● **DATA BLOCK**:

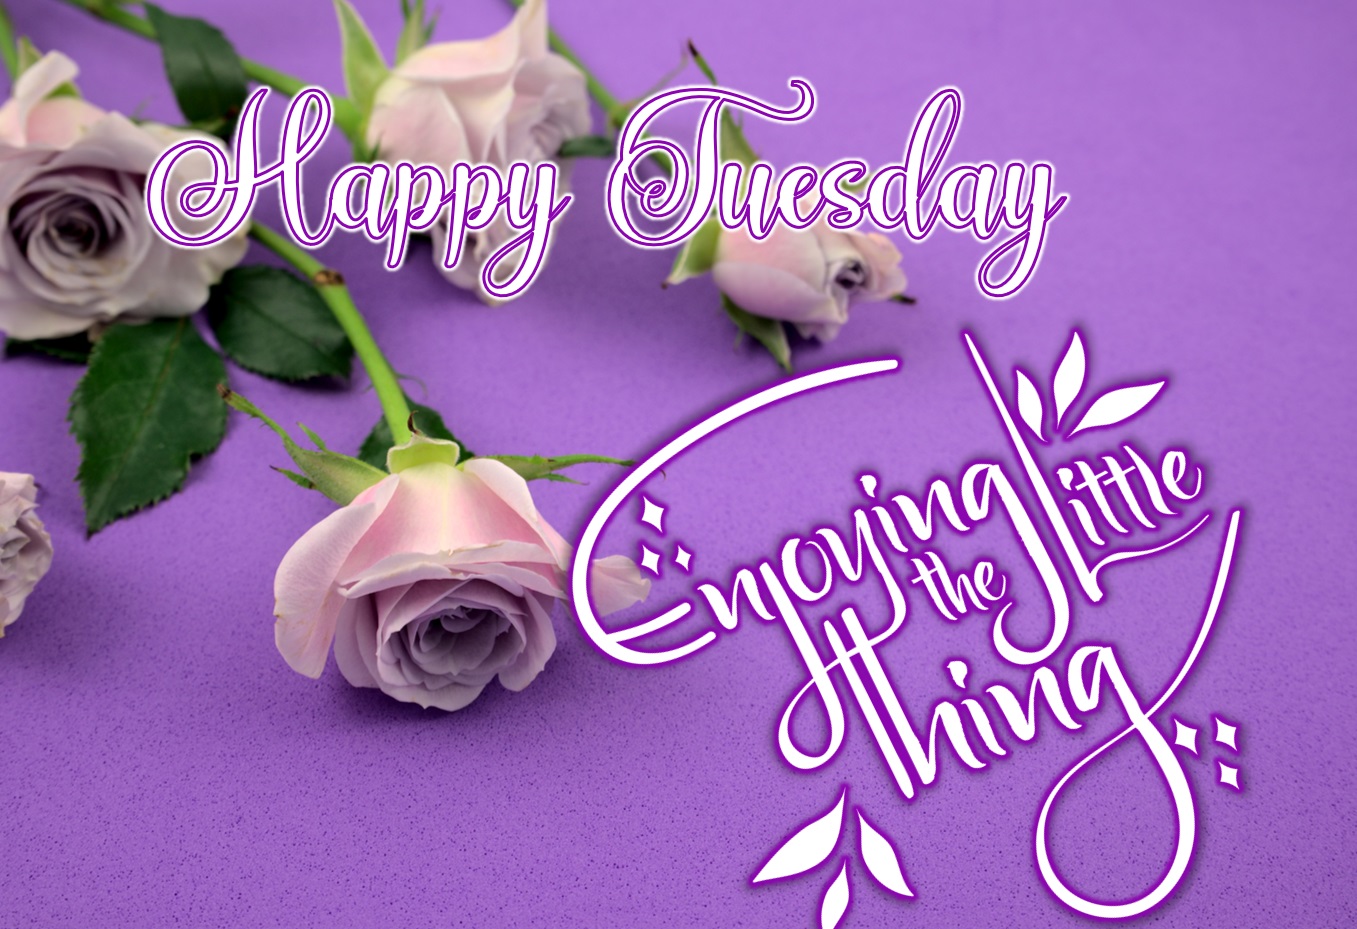 Beautiful Happy Tuesday images. Superbwishes.com
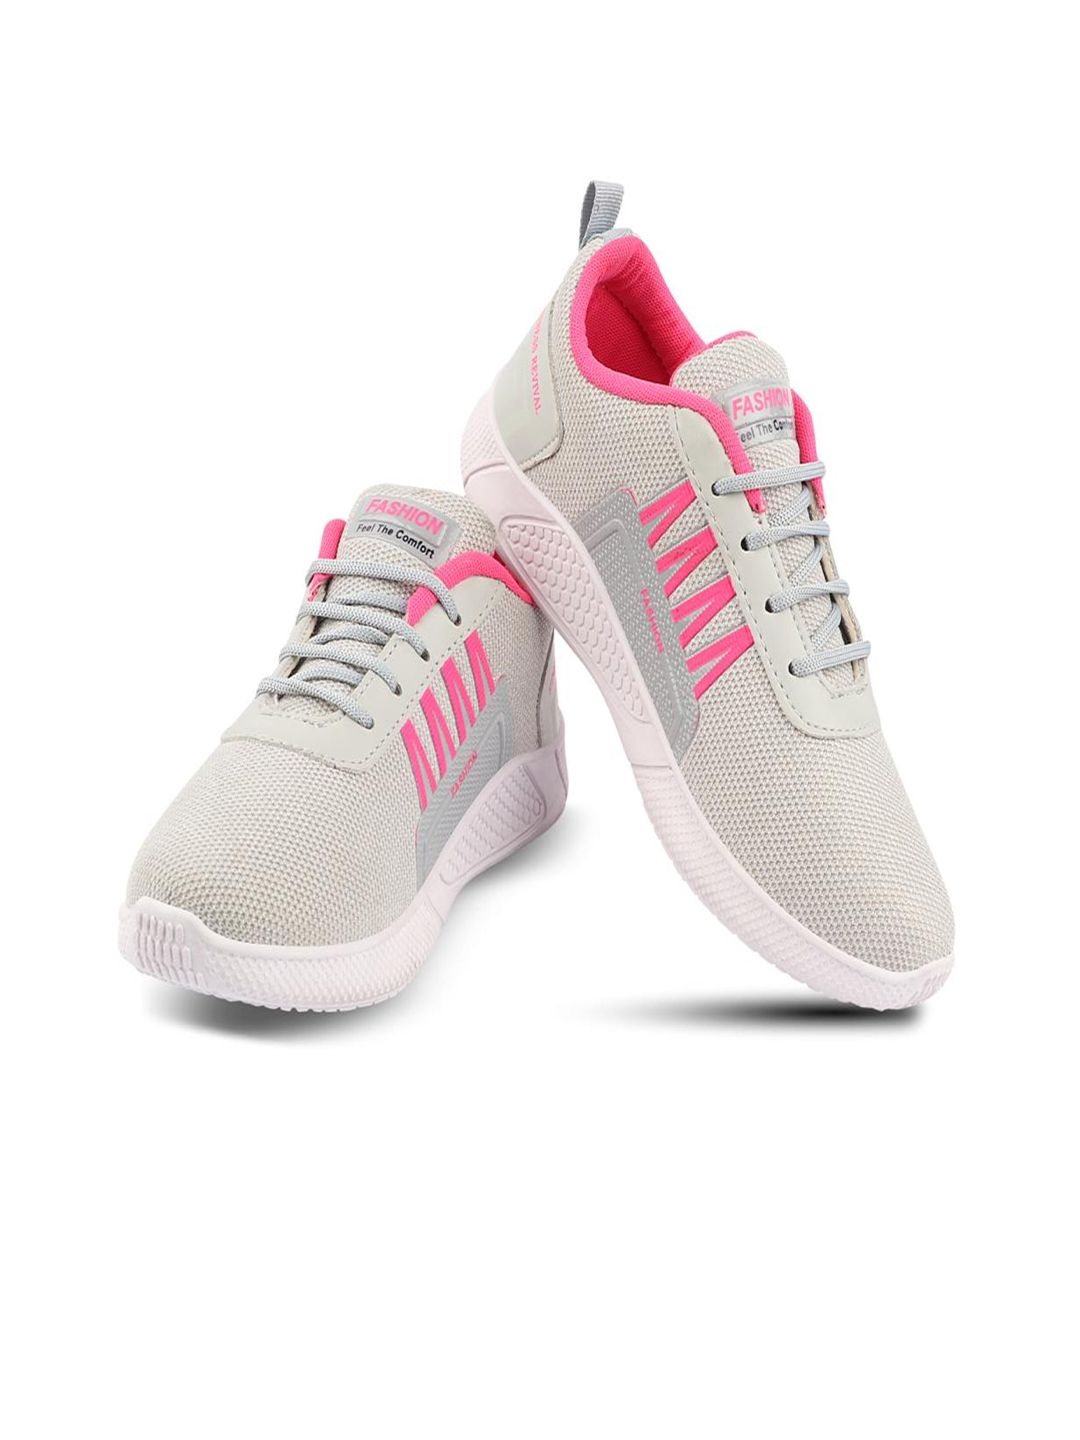 BEONZA Women Grey Mesh Running Non-Marking Shoes Price in India
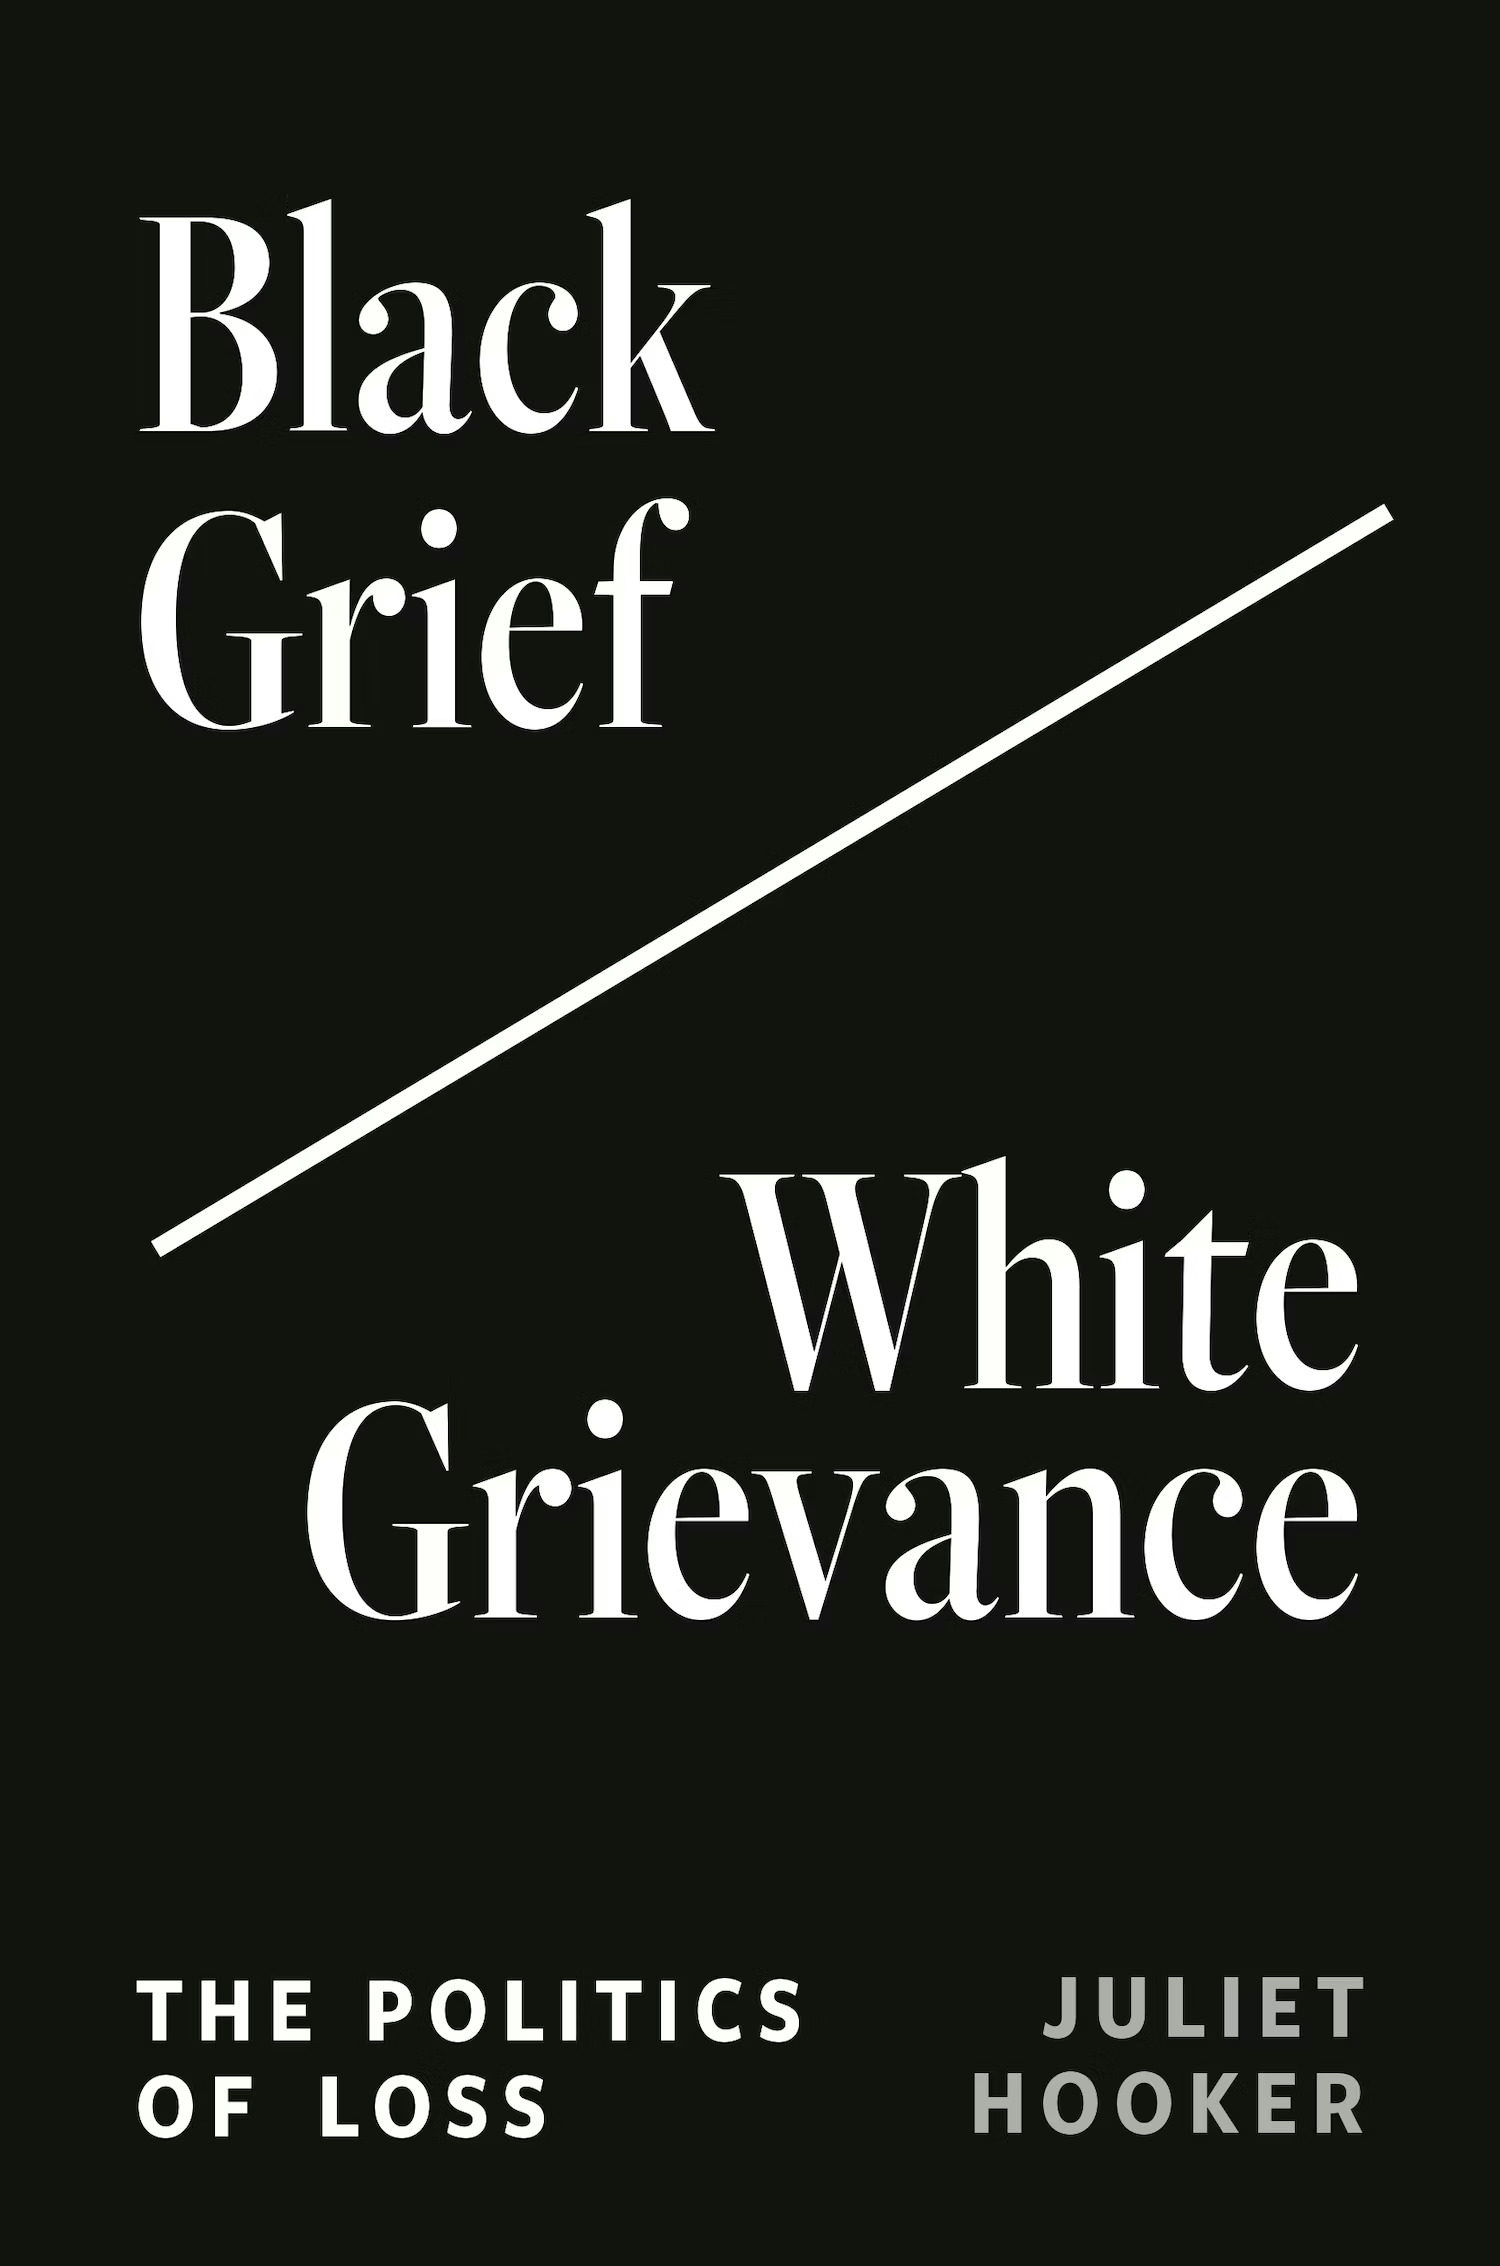 Black Grief/White Grievance Book by Juliet Hooker book cover

● **WORK INSTRUCTIONS**:
Would you restate word for word each line from the one that holds "BEONZA Women Grey" to the end of the material, both ends included, without the pictures?

● **REPLY TO THE TASK**:
 BEONZA Women Grey Mesh Running Non-Marking Shoes Price in India
 Black Grief/White Grievance Book by Juliet Hooker book cover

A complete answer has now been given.